Alcohol Justice
- Abbreviation: AJ
- Formation: 1987
- Type: Non-profit 501(c)(3)
- Purpose: Public health advocacy and policy
- Location: San Rafael, California;
- Region served: United States
- Exec. Dir/CEO: Bruce Lee Livingston
- Staff: 10
- Website: alcoholjustice.org

= Alcohol Justice =

Research and policy organization

Alcohol Justice is a San Rafael, California–based non-profit advocacy, research and policy organization describing itself as "the industry watchdog". The Marin Institute was renamed and re-branded as Alcohol Justice in 2011; it was originally named The Marin Institute for the Prevention of Alcohol and Other Drug Problems.

In 2006, Alcohol Justice shifted its focus to the practices of alcohol corporations who produce, distribute, retail and advertise alcoholic beverages. Until 2006, Alcohol Justice focused strictly on alcohol harms and environmental prevention strategies. These strategies included reducing the hours during which time alcohol can be sold, increasing the size of warning labels on alcoholic beverage containers, requiring warnings on all alcohol advertisements, restricting the content and placement of alcohol ads, and prohibiting alcohol sponsorship of athletic events.

==History==
Alcohol Justice was established in 1987 as one of three major projects funded by the Leonard and Beryl H. Buck Trust at the same time the Marin Community Foundation was formed. The Marin Institute reported in 2006 that "countering the alcohol industry has always been a high priority for the Marin Institute, but we now want to make it the central focus of our efforts. That means we'll put 100% of our energy into stopping the alcohol industry from harming public health."
In July 2011, the Marin Institute changed its name to Alcohol Justice to better align the organization's name with the national reach of its network.

==Campaigns and programs==
Alcohol Justice, although based in San Rafael, California, plays a research and advocacy role in other cities and counties of California, such as Los Angeles and San Francisco, and has led numerous campaigns for legislation and regulatory reform in Sacramento, California. Nonetheless, it is a national organization that has conducted national and international research projects, conducted hundreds of trainings of youth, community leaders and public health advocates throughout the United States, and participated in international activities as well in Canada, Europe, Africa and Thailand.

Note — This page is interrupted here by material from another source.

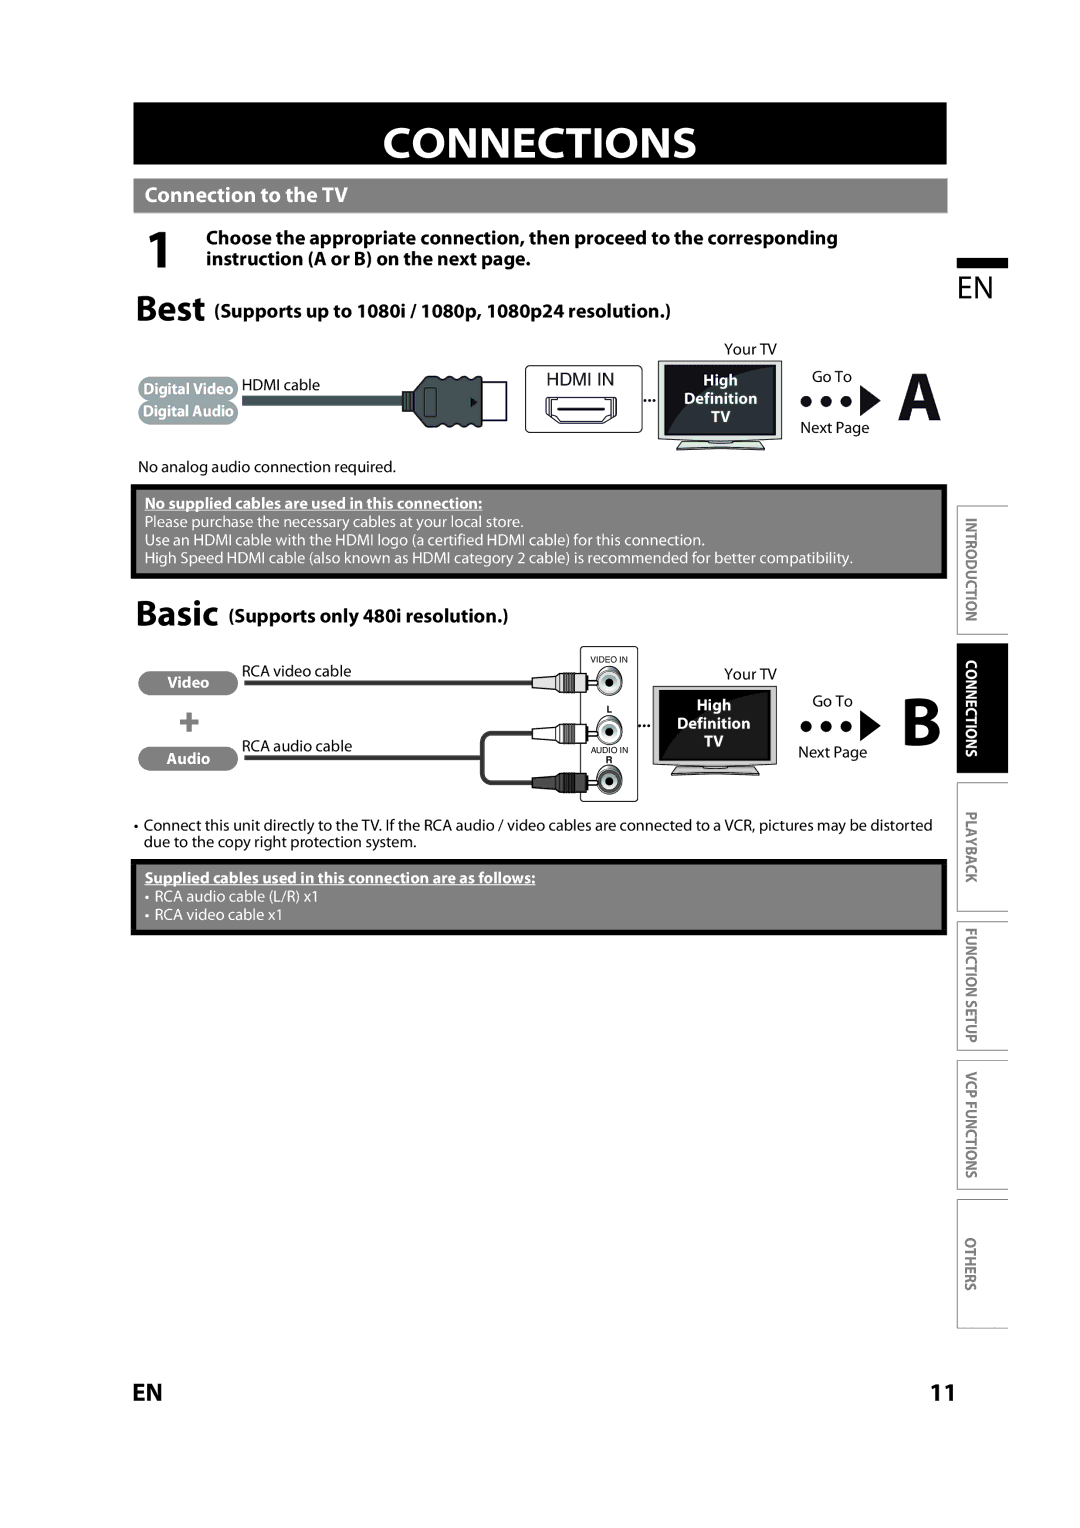 Magnavox MBP110V/F7 owner manual Connections, Connection to the TV, Basic Supports only 480i resolution

===Alcohol taxes and fees: Charge for Harm===

The Marin Institute participated in a flurry of alcohol tax increase campaigns in the early 1990s, which resulted in small increases in beer excise taxes in California at the U.S. federal level in 1991 and 1992. From December 2006 to November 2010, The Marin Institute convened and organized a California coalition to promote proposals for nickel or dime a drink excise taxes or mitigation fees, including AB 1019 (Assm. Jim Beall, Dem-Santa Clara) supported in a testimonial video by John O. Whitaker Jr.

The Charge for Harm campaign supported various bills in Sacramento and the San Francisco "Alcohol Cost Recovery Fee" ultimately vetoed by PlumpJack wine-distributorship owning Mayor Gavin Newsom in September 2010. (More info at San Francisco Alcohol Cost Recovery database.)

Ultimately the California campaign ground to a halt in November 2010 with the passage of Proposition 26 with 51.4% of the vote, supported by the Wine Institute, the California Chamber of Commerce, Chevron, and collectively oil, tobacco, and alcohol corporations. Proposition 26 now requires in California a 2/3 vote of both legislative houses to pass impact or mitigation fees to charge industries for the harm caused by production or consumption, and requires a 2/3 vote of the electorate to pass such fees at the municipal or county level.

===Stop Alcopops===
Alcohol Justice argues that alcopops should be regulated because they appeal to youth, who might not like other alcoholic beverages. When caffeinated alcoholic beverages, commonly containing 12% ABV and packaged in 24-oz cans, went off the market, the manufacturers of these beverages reformulated the beverages so as to be without caffeine. Alcohol Justice especially argues against the reformulated products partly due to the fact that the alcohol content has not changed. Alcohol Justice is currently lobbying for legislation to limit the size and alcohol concentration of alcopops.